# Surge is your tip



## MulletMan (Mar 2, 2016)

Would you pick up a rider that you knew was not going to tip?
Would you pick up a rider that you knew was going to tip?

Best reason i know to only work surge. To see how big your tip can be, enter your city rates and choose your surge amount, Evan a 1.5 surge works iout to be a pretty good tip!

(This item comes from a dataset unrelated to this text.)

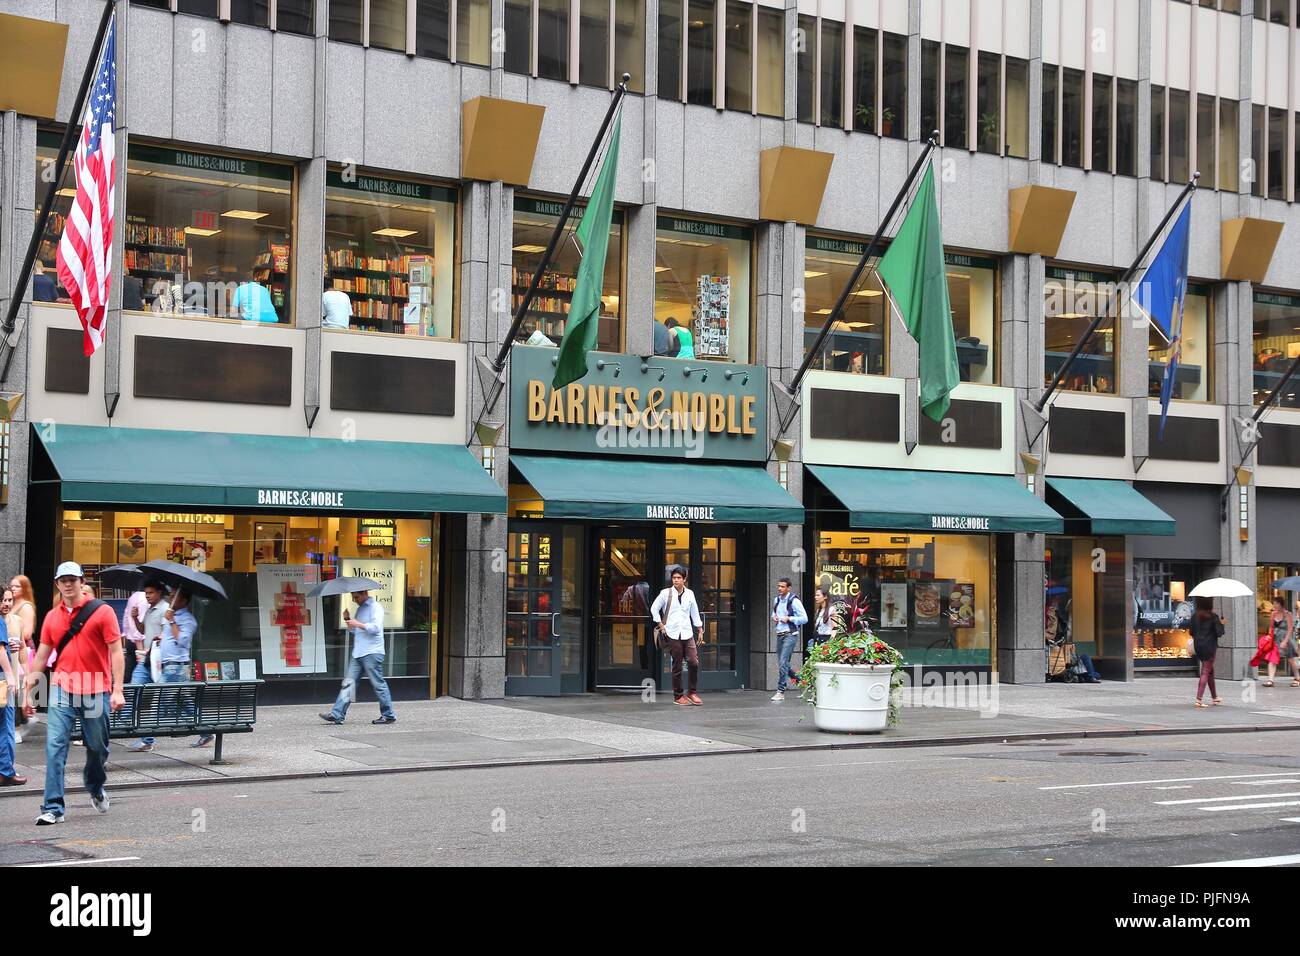 NEW YORK, USA - JULY 1, 2013: People walk past Barnes and Noble ...

Don't ask questions. Just drive...Uber is awesome 

https://docs.google.com/spreadsheets/d/1enQV6cSI_xANkiM0KUYU2zuHHDq3VoRLXym1XuhVxH4/edit?usp=sharing


----------



## MulletMan (Mar 2, 2016)

NO SURGE NO RIDE..I know I'm not killin it, but for part timer, work the surge..surge is my tip and incentive to snag a ride aor two a day


----------



## scooterabc (Feb 19, 2016)

I'll take surge and non-surge depending on my mood. But no one gets 5 stars unless it's a big surge and they are nice or unless they tip. $3 ride gets 5 stars if they tip.


----------



## RockinEZ (Apr 29, 2015)

I was going to reply, then I saw mullet and Atlanta.


----------



## 20yearsdriving (Dec 14, 2014)

RockinEZ said:


> I was going to reply, then I saw mullet and Atlanta.


LOL!!!


----------



## MulletMan (Mar 2, 2016)

SURGE ON!!!!!!


----------



## 20yearsdriving (Dec 14, 2014)

MulletMan said:


> SURGE ON!!!!!!
> View attachment 36795


Cool beans MulletMan


----------